IDXChannel - India menjadi sasaran upaya AS yang kembali menekan Rusia terkait konflik Ukraina. Pada 6 Agustus, Presiden Donald Trump mengumumkan kenaikan tarif AS atas barang-barang India menjadi 50 persen dari 25 persen dengan alasan New Delhi terus membeli minyak Rusia.
India pun membalas dengan mengatakan bahwa langkah tersebut tidak adil dan tidak dapat dibenarkan. Dilansir dari laman Hindustantimes Jumat (8/8/2025), denda Donald Trump terhadap India dimaksudkan untuk menekan pendapatan minyak Moskow dan mendorong Presiden Vladimir Putin menuju gencatan senjata.
Adapun tarif yang lebih tinggi akan berlaku dalam 21 hari, tepatnya pada 27 Agustus.
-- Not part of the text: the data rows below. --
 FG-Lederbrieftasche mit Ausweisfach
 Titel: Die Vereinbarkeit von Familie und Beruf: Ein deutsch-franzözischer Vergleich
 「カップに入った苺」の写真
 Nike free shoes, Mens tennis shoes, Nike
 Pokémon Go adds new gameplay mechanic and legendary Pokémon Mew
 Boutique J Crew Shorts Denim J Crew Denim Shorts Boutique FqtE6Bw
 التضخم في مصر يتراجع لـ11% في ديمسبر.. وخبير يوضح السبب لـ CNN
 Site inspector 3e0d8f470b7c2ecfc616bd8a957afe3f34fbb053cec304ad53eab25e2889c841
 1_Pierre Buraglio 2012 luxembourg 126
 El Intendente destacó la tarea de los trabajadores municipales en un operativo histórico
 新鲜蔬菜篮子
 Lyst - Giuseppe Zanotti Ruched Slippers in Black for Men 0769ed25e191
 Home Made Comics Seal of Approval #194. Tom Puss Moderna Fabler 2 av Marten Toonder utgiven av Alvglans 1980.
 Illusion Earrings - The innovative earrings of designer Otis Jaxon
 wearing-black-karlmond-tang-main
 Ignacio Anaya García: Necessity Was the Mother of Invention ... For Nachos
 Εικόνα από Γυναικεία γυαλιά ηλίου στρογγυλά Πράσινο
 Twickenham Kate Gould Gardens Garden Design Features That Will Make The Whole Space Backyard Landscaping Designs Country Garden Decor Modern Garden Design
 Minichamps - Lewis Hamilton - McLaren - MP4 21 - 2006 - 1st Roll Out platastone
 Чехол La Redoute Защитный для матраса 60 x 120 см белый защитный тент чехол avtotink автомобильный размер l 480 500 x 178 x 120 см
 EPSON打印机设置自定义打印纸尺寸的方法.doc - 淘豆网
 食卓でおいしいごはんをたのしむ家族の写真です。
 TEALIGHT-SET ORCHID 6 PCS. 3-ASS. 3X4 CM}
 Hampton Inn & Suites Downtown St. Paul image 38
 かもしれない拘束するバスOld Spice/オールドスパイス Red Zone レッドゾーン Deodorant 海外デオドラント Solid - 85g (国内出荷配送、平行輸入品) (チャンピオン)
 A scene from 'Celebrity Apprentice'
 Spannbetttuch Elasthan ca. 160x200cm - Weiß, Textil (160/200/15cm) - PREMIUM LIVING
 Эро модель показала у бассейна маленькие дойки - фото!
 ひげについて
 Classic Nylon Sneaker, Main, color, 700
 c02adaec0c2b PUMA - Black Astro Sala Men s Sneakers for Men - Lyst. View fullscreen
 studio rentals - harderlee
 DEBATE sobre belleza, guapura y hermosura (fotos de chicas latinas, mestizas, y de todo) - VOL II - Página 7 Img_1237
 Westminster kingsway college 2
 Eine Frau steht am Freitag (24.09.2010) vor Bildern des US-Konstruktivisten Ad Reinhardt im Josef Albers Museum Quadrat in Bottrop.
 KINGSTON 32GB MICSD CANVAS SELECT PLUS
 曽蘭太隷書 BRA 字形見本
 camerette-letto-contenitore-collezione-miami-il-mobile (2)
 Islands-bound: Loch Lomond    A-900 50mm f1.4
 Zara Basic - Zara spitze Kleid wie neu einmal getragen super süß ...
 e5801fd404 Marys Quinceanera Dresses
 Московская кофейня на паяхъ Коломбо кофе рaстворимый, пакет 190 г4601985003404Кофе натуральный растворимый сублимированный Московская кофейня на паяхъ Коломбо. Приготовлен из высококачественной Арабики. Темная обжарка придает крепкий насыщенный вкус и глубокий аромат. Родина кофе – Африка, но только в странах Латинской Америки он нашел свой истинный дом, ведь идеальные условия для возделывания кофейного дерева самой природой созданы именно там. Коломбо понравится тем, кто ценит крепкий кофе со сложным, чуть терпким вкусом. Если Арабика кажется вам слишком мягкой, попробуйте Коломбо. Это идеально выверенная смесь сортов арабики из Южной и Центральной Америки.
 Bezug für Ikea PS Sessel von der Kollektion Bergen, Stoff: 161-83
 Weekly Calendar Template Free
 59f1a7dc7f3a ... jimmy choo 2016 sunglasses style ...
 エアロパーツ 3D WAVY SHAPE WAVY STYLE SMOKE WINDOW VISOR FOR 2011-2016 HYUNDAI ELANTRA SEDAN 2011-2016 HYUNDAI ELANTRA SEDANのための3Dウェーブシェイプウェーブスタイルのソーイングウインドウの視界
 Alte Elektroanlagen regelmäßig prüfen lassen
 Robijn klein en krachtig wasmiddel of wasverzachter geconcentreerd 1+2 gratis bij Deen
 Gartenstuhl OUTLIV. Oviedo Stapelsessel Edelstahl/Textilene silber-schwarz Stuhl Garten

Dalam komentar terbarunya pada hari Kamis, Trump telah mengesampingkan kemungkinan negosiasi perdagangan dengan India hingga masalah tarif terselesaikan.
"Tidak, tidak sampai kita menyelesaikannya," kata Trump di Ruang Oval menanggapi pertanyaan apakah ia mengharapkan peningkatan negosiasi perdagangan dengan India sejak ia mengumumkan tarif 50 persen untuk negara tersebut.
Mengenai situasi terkini antara India dan AS, pengacara terkemuka India-Amerika Ravi Batra mengatakan bahwa masih banyak yang dipertaruhkan di tengah tarif Trump.
Apa selanjutnya bagi India?
Pada hari Kamis, Dammu Ravi, Sekretaris Hubungan Ekonomi di Kementerian Luar Negeri India mengatakan kepada wartawan bahwa kenaikan tarif AS tidak logis.
"Ini adalah penyimpangan sementara, masalah sementara yang akan dihadapi negara ini, tetapi seiring waktu kami yakin dunia akan menemukan solusinya," ujarnya. Dia juga mengisyaratkan bahwa India mungkin akan berusaha menyeimbangkan kembali kemitraan globalnya.
Pejabat India tersebut mengatakan bahwa setiap kali suatu negara menghadapi tembok tarif, maka negara tersebut akan mencari pasar baru untuk berdagang, dan Timur Tengah, Amerika Latin, Afrika, dan Asia Selatan termasuk di antara kawasan yang akan ditargetkan India.
"Jika AS menjadi tujuan ekspor yang sulit, Anda akan secara otomatis mencari peluang lain," ujarnya.
Di sisi lain, pada Kamis malam, Perdana Menteri Narendra Modi dan Presiden Brasil Luiz Inácio Lula da Silva membahas isu-isu regional dan global yang menjadi kepentingan bersama melalui panggilan telepon. Sementara pemimpin negara Amerika Latin tersebut memetakan rencana bagi negara-negara BRICS untuk mengatasi pungutan tarif oleh Donald Trump.
Brasil dalam pernyataannya, mengatakan bahwa Brasil dan India adalah negara yang paling terdampak oleh pungutan Trump dan bahwa mereka perlu mengatasi tantangan situasi saat ini. Dammu Ravi menyebut negara-negara yang sepaham akan mencari kerja sama dan keterlibatan ekonomi yang saling menguntungkan bagi semua pihak.
Putin pun mengadakan pembicaraan dengan Penasihat Keamanan Nasional India, Ajit Doval, di Kremlin pada hari Kamis. Kantor berita pemerintah Rusia, RIA, melaporkan bahwa mereka telah menekankan komitmen mereka terhadap kemitraan strategis.
Menteri Luar Negeri Subrahmanyam Jaishankar diperkirakan mengunjungi Rusia dalam kunjungan yang telah dijadwalkan sebelumnya. Modi diperkirakan menjamu Presiden Rusia Vladimir Putin di India akhir tahun ini.